* [Excerpted records]:
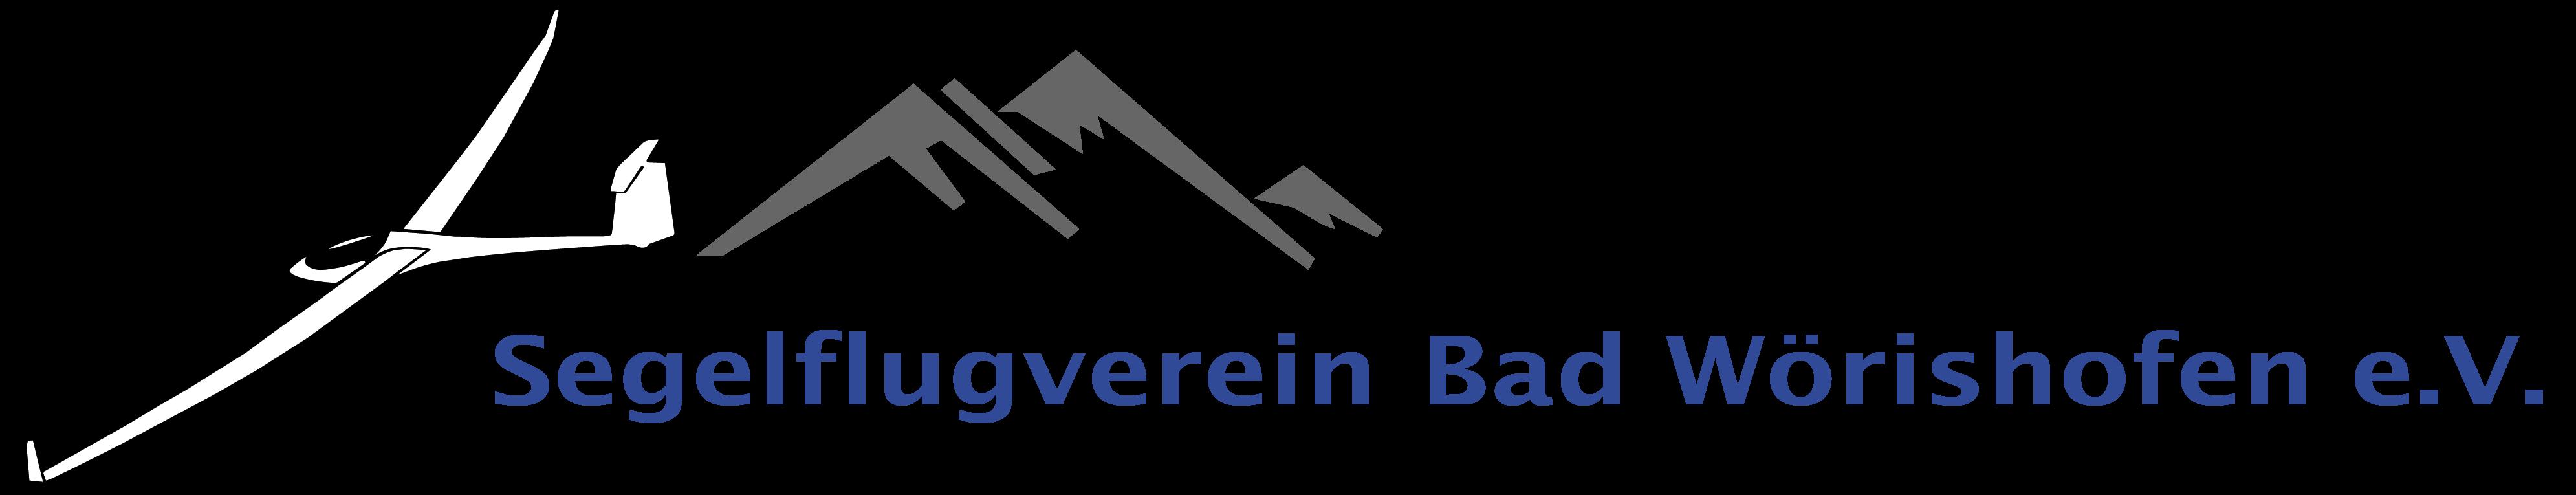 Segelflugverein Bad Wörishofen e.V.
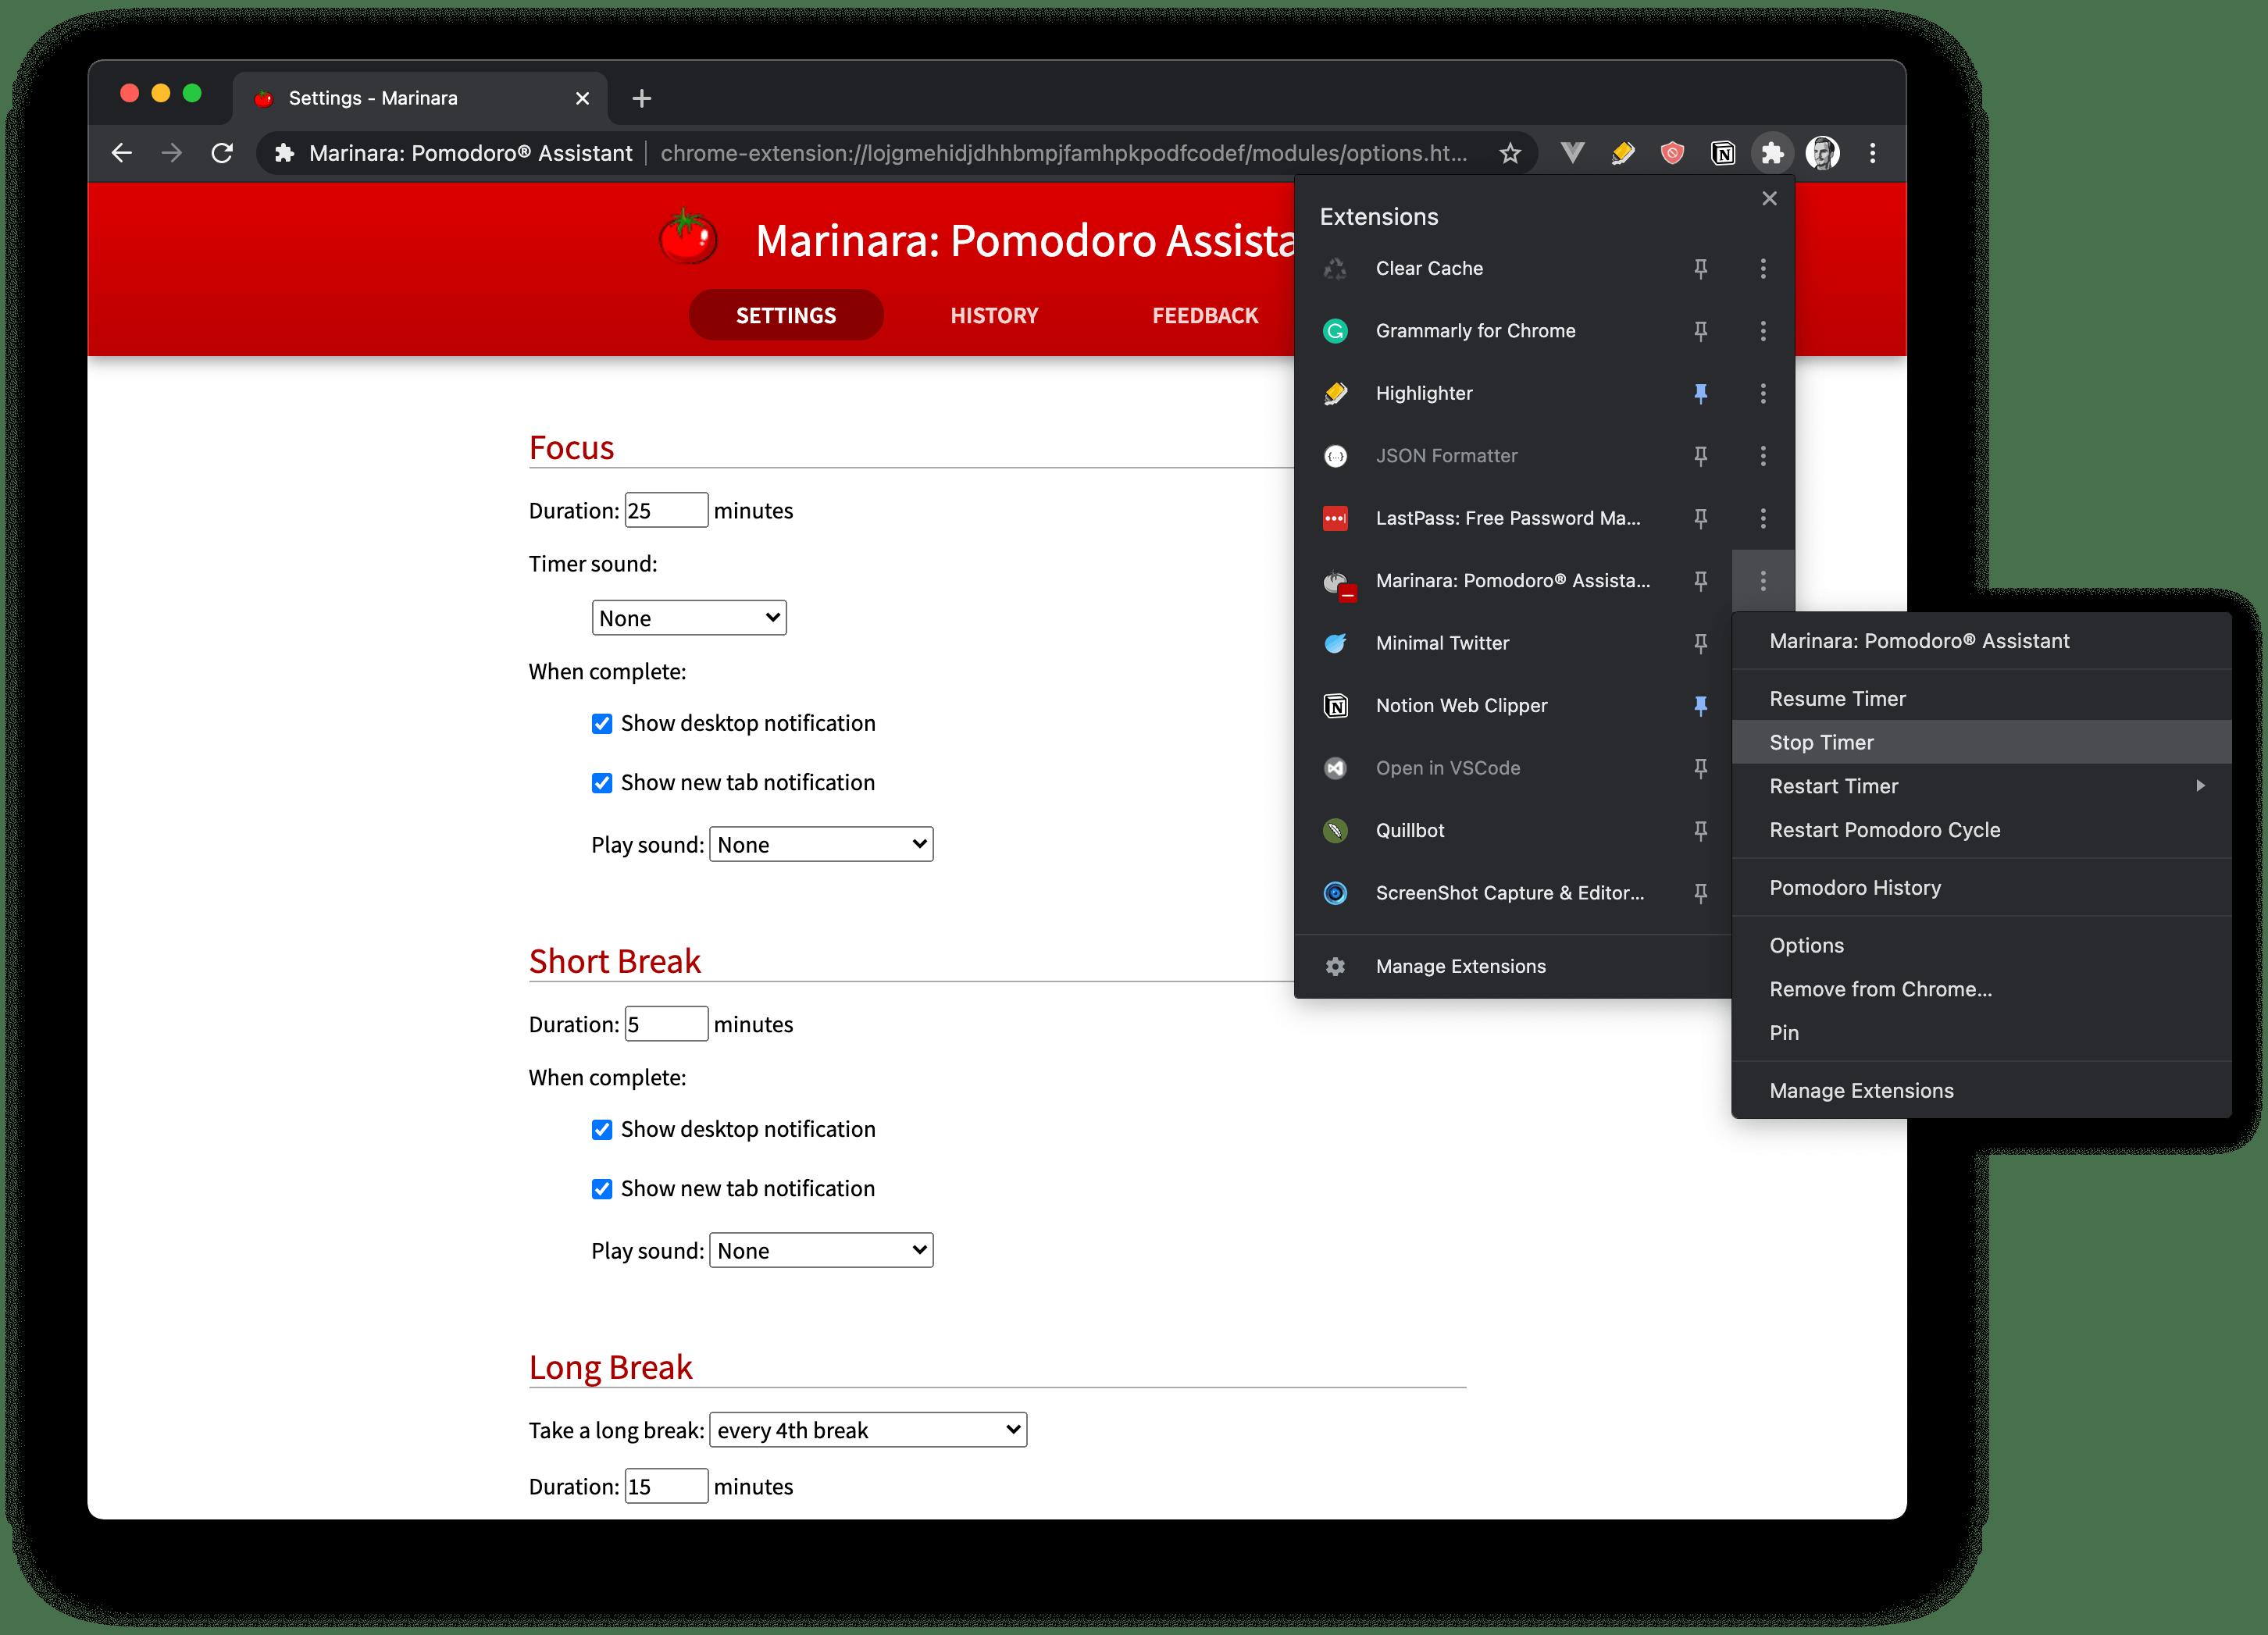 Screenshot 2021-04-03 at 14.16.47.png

* * *

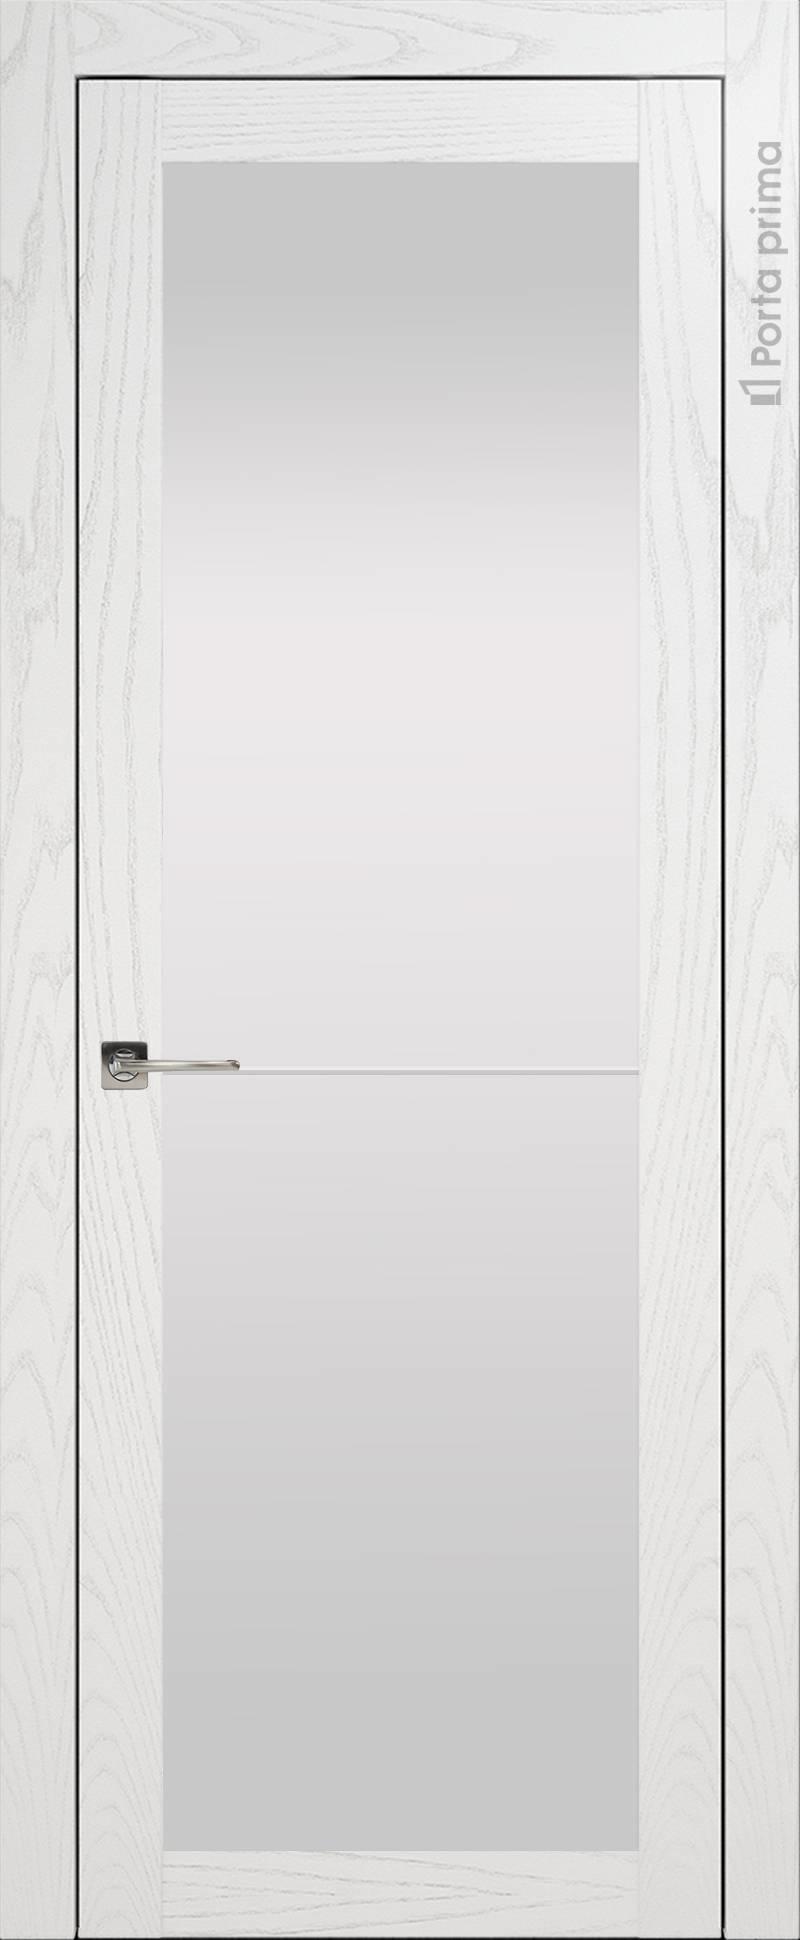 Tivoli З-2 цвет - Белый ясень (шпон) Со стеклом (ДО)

* [Problem]:
Give again the stretch of the entries above that begins at the line with "Segelflugverein Bad Wörishofen e.V." and ends at the line with "Screenshot 2021-04-03 at 14.16.47.png", word for word, with no pictures.

* [Result of this task]:
 Segelflugverein Bad Wörishofen e.V.
 Screenshot 2021-04-03 at 14.16.47.png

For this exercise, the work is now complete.